• Problem description:
The answer is the line with "iphone in a box" and every line after it to the end of the listing, retyped exactly. Pictures do not belong in it.

• Information supplied:
⁂

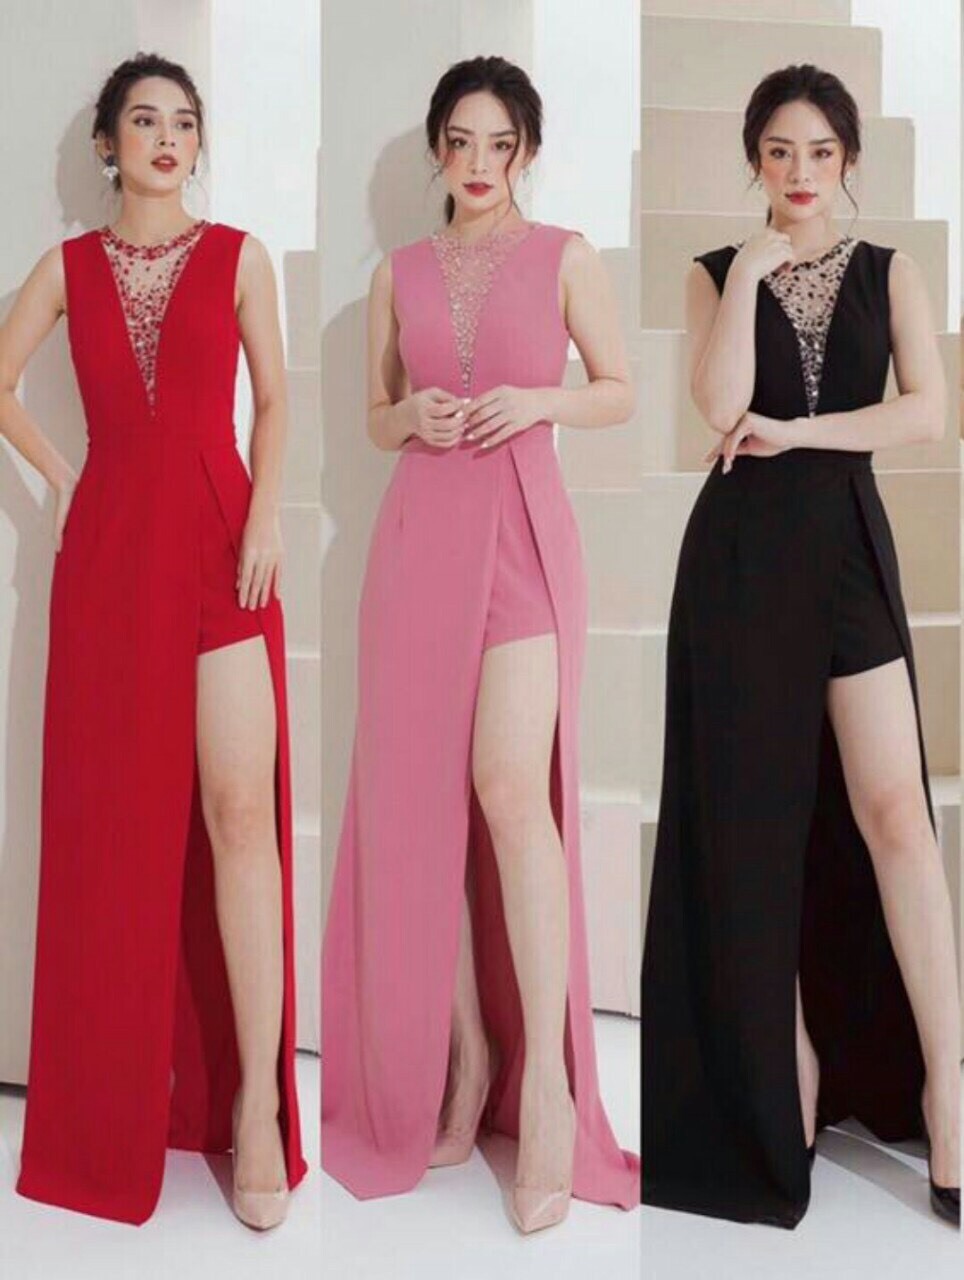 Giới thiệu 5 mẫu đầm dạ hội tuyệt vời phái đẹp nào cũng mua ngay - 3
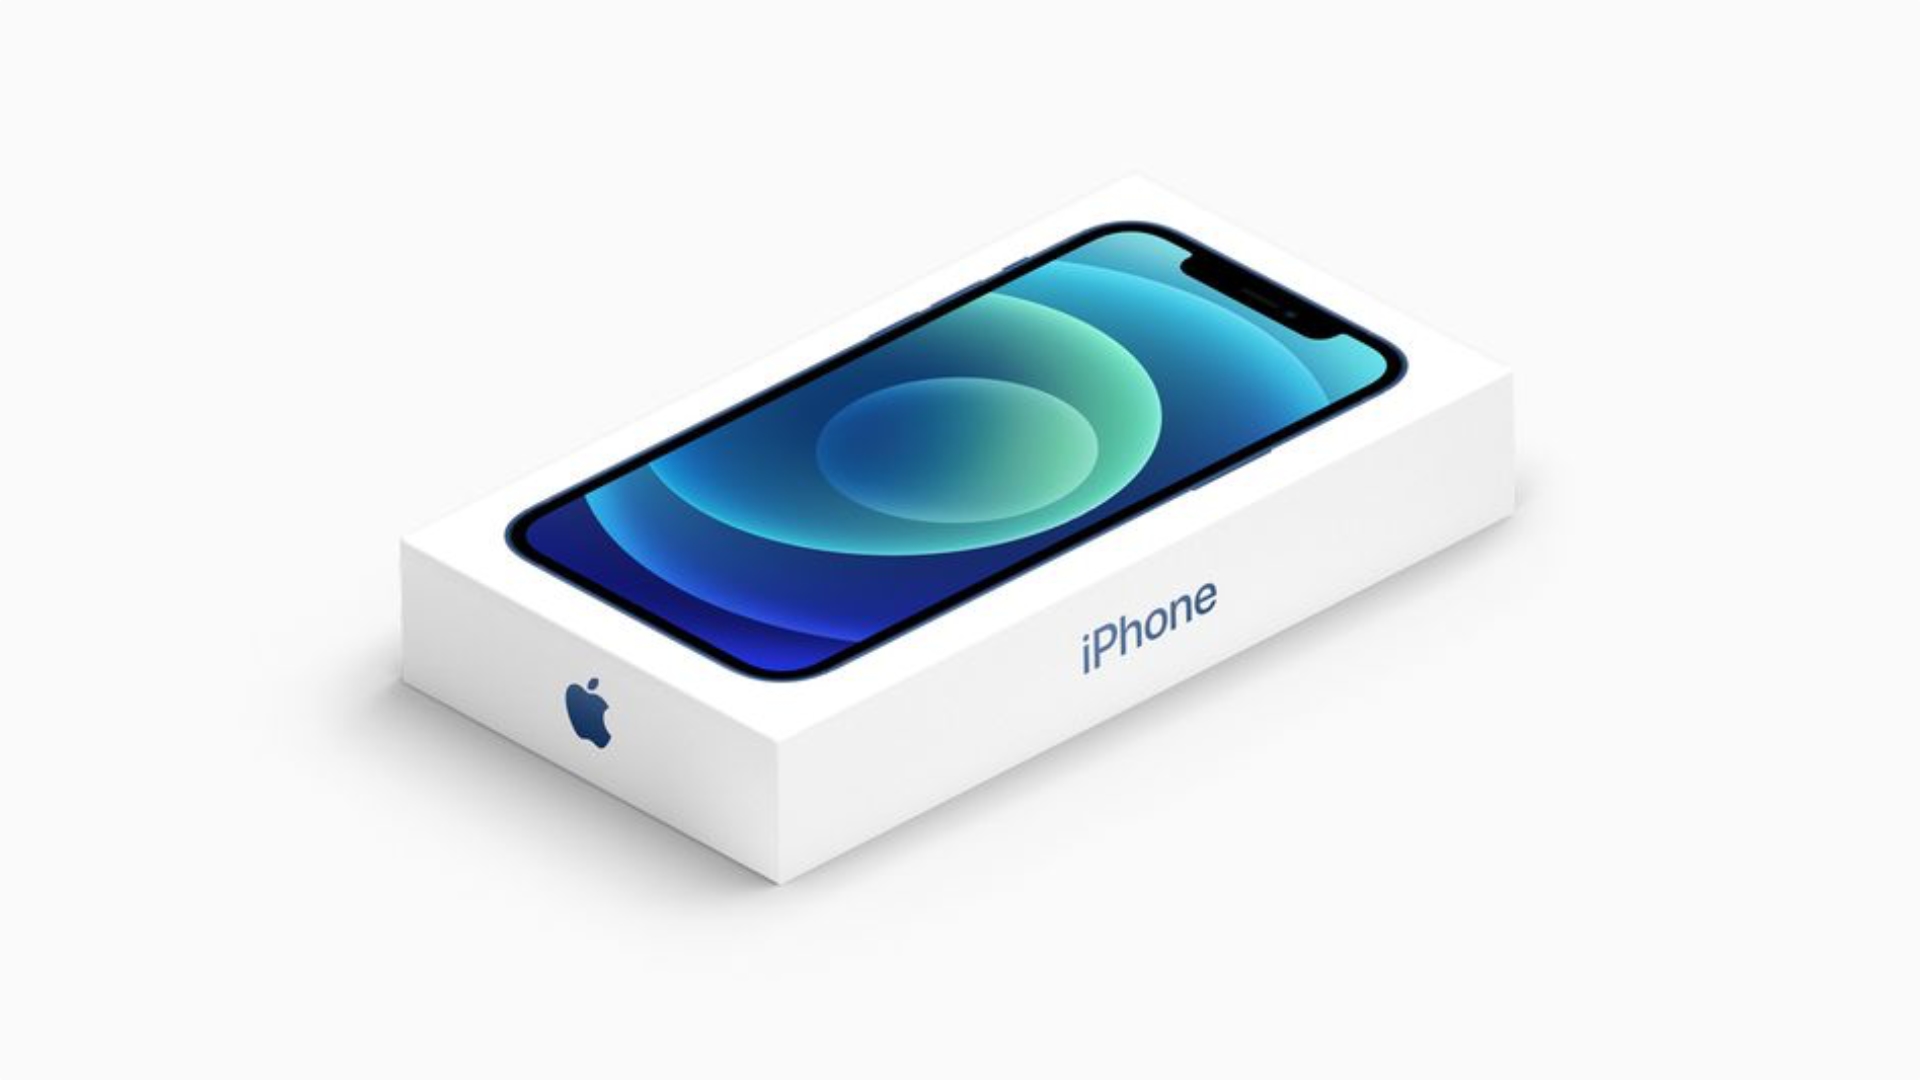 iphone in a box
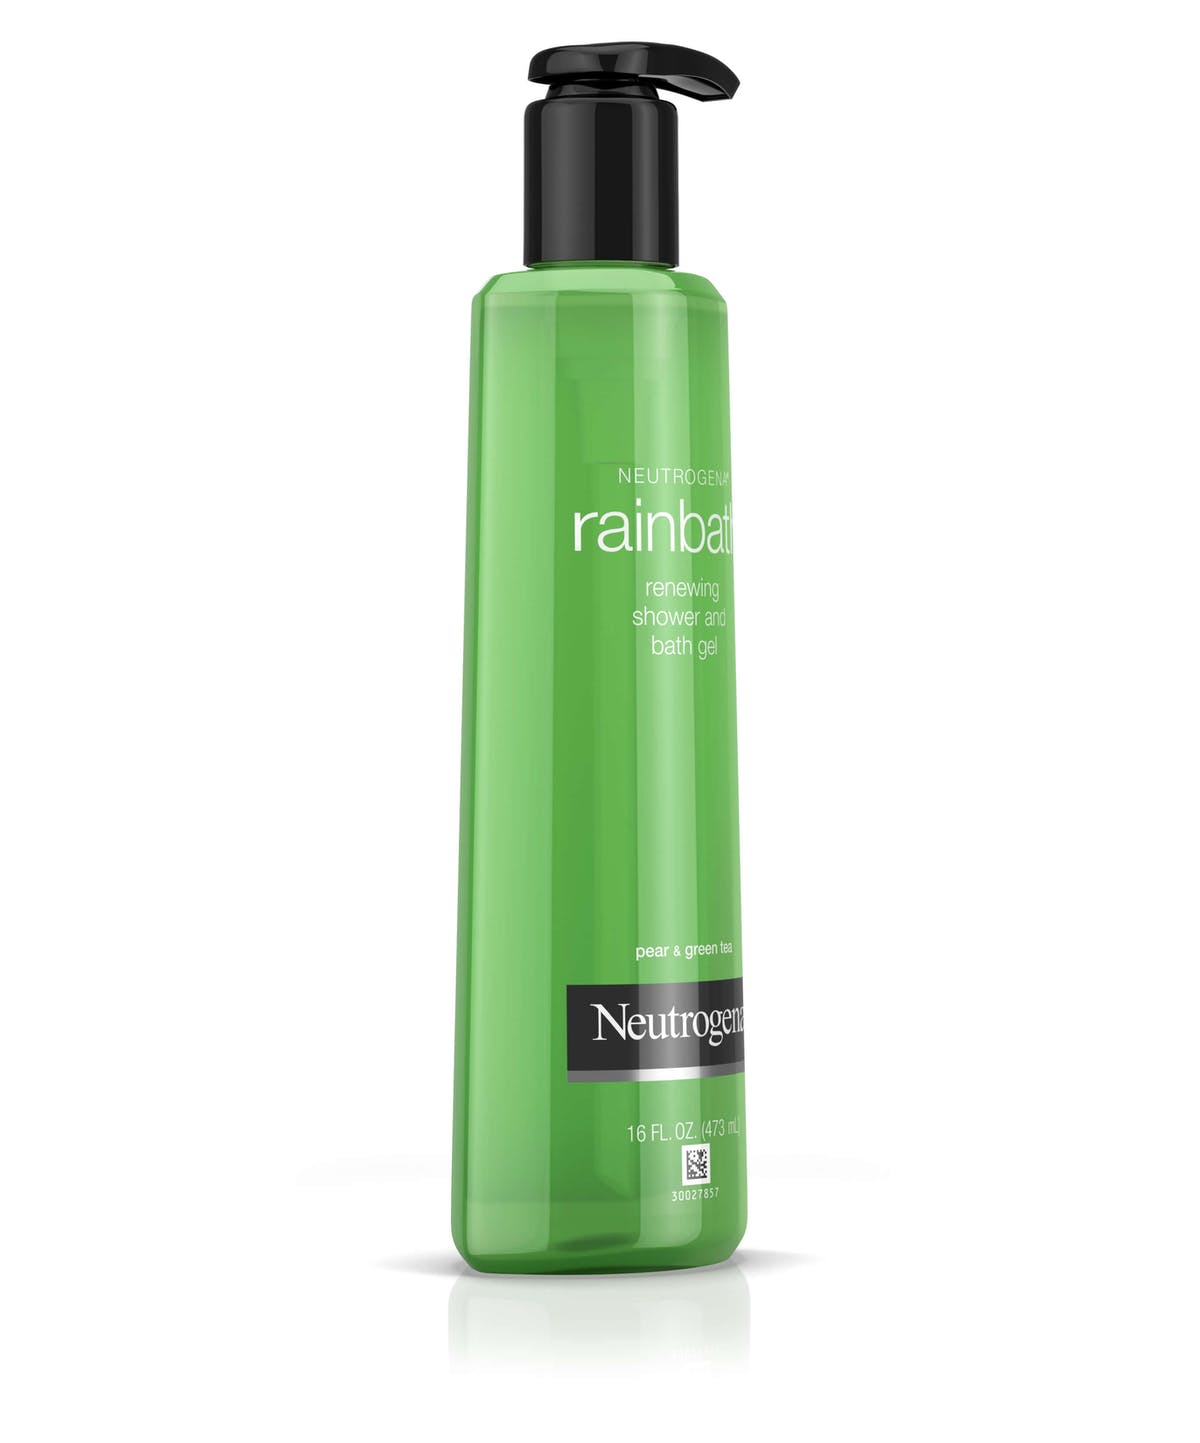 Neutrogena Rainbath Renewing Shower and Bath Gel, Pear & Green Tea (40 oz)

⁂

• Response to the task:
 iphone in a box
 Neutrogena Rainbath Renewing Shower and Bath Gel, Pear & Green Tea (40 oz)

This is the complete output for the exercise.